USAID says it has provided more than $2.6 billion toward Russia’s social and economic development since 1992.

Russia says it is expelling the U.S. Agency for International Development (USAID) from the country following what it says were attempts by the mission to influence Russian politics and elections.

On September 19, the Russian Foreign Ministry accused USAID of seeking to "influence political processes, including elections of various types, and institutions of civil society through the distribution of grants."

The ministry said it was also worried by the mission's work in the volatile North Caucasus, where Moscow is fighting an Islamist insurgency.

In separate comments, Foreign Ministry spokesman Aleksandr Lukashevich said Russia's civil society did not require "outside leadership."

"We are talking about attempts, through the distribution of grants, to influence political processes, including elections at various levels, and institutions of civil society," he said. "Russian civil society is quite mature now and it does not require outside leadership."

Washington announced on September 18 that Moscow had ordered the closure of USAID.

U.S. State Department spokeswoman Victoria Nuland said Washington was proud of what USAID had accomplished in the country in the past 20 years. She called the decision "regrettable" but said the U.S. accepts the closure as Russia's "sovereign decision."

Nuland said Washington "completely reject[s] the notion that our support for civil society, democracy, human rights in any way interferes with elections whether in Russia or anywhere else in the world."

Nuland maintained that the mission would nonetheless continue working with Russian nongovernmental groups and denied that USAID meddled in Russian politics.

"While our USAID physical presence in Russia is going to end, we remain committed to supporting democracy, human rights, and the development of a more robust civil society in Russia," she said.

"We will continue to work with those Russians in civil society who want to work with us.
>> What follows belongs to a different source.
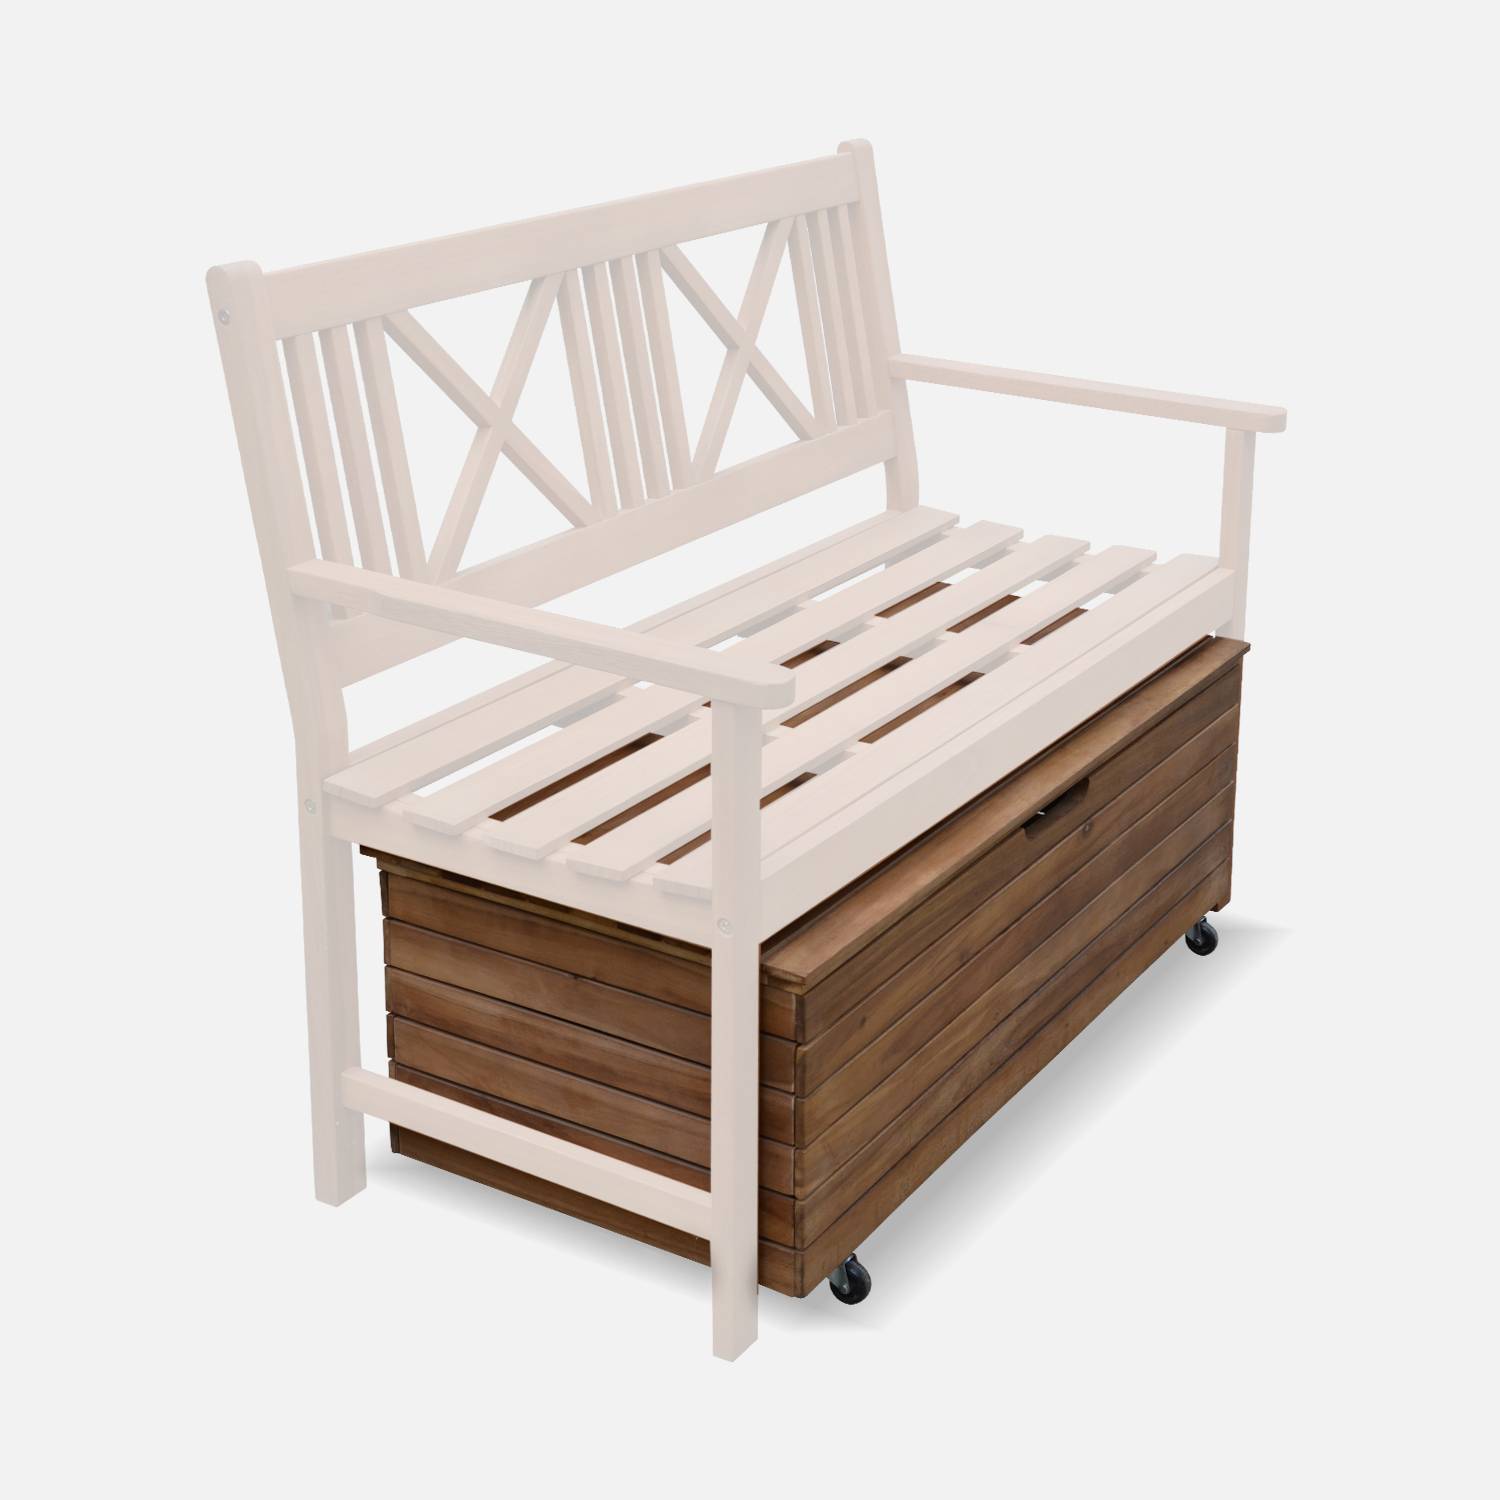 Baule da giardino in legno | Saragosse - 110L | Baule per riporre i cuscini 107x48,5cm con martinetti e rotelle Photo6

We do that in many parts of the world where we don't have [USAID] missions and we are looking now at precisely how we'll work this through, but we are committed to stay on the side of those who want to see a more democratic, more just Russia."

Russian Central Election Commission member Maya Grishina said USAID's departure would not jeopardize the quality of Russian elections.

She said independent election monitoring was "guaranteed by Russian law" and would continue.

But the independent election monitoring group Golos, which receives funding from USAID, said the mission's withdrawal was "a very hard blow" that threatened the group's projects.

Golos director Lilia Shibanova said she believed the decision not to renew USAID's mandate was partly connected with the Kremlin's desire to control election monitoring.

Critics say it is part of a clampdown on dissent backed by President Vladimir Putin, who returned to the Kremlin in May for a third presidential term following an election denounced by the opposition as flawed.

Russian authorities have taken a tougher stance against the opposition and civil society in recent months, including moves to tighten controls on the Internet and raise fines for protesters.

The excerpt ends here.